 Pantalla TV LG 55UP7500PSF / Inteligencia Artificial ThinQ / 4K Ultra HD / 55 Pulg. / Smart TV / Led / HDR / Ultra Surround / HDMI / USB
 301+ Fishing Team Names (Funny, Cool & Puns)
+===+
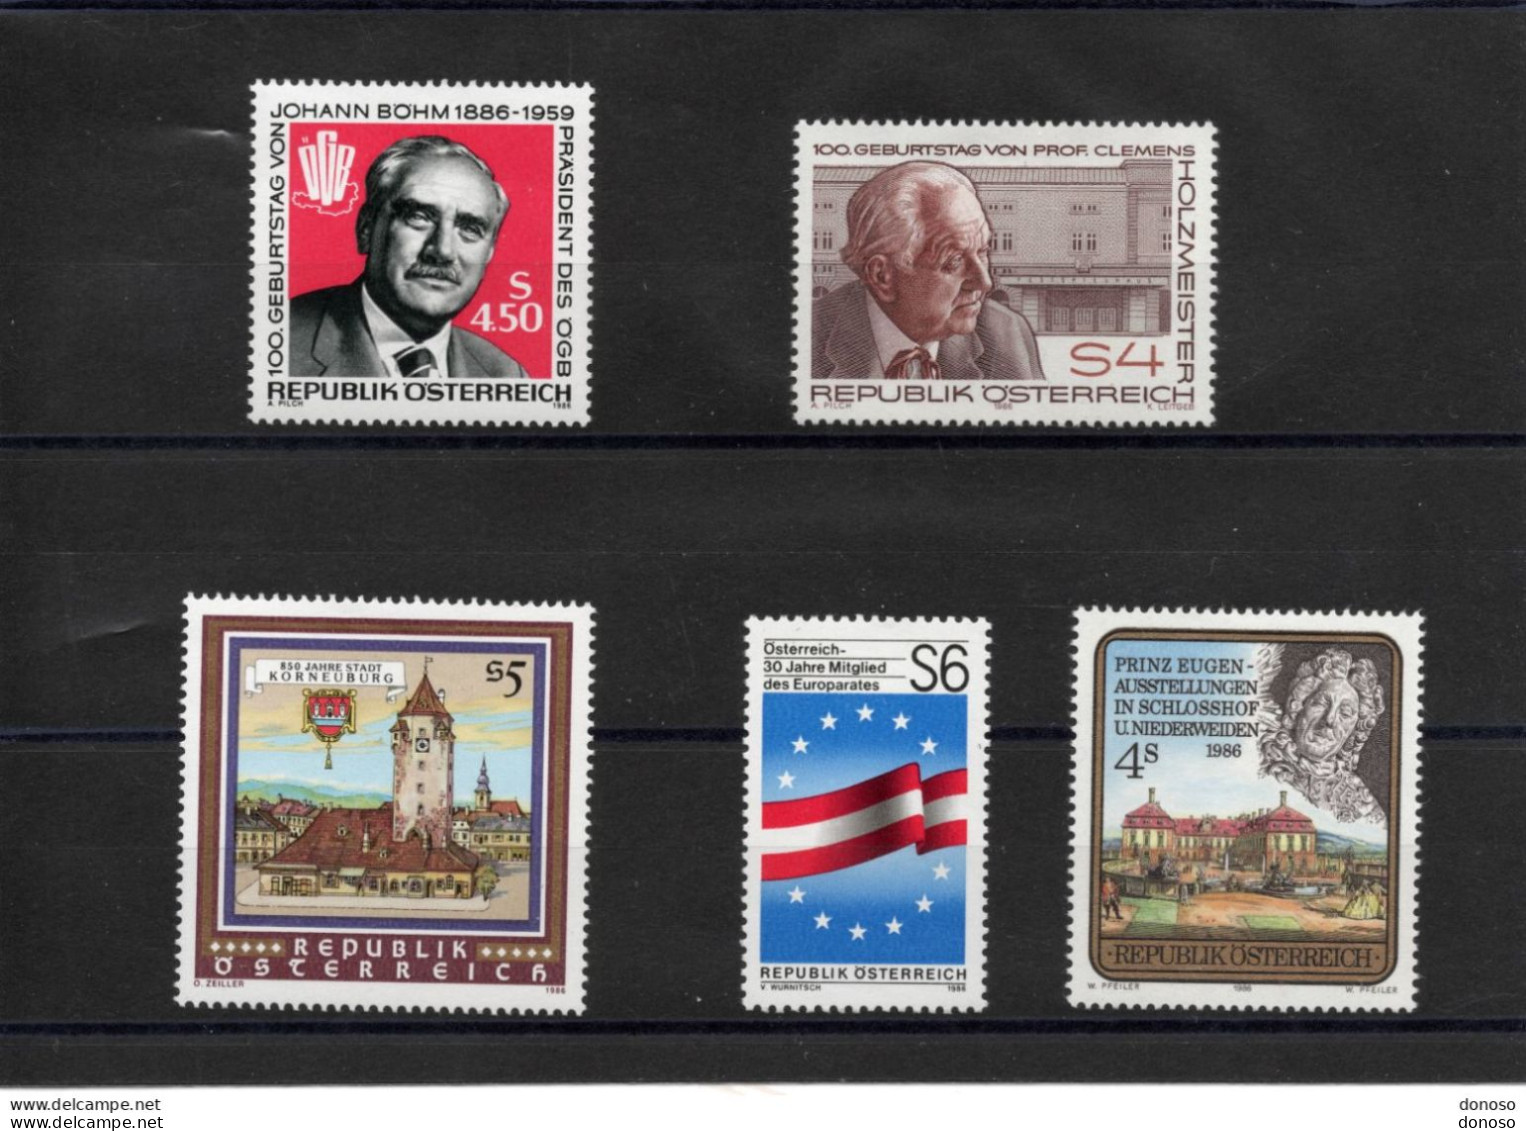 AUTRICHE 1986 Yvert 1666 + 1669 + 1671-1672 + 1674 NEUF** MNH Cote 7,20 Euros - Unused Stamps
+===+
Problem to solve »
I'd like the lines above from the one with "Pantalla TV LG" up to and including the one with "301+ Fishing Team Names (Funny, Cool & Puns)" copied exactly, with no other lines.

Your response »
 Pantalla TV LG 55UP7500PSF / Inteligencia Artificial ThinQ / 4K Ultra HD / 55 Pulg. / Smart TV / Led / HDR / Ultra Surround / HDMI / USB
 301+ Fishing Team Names (Funny, Cool & Puns)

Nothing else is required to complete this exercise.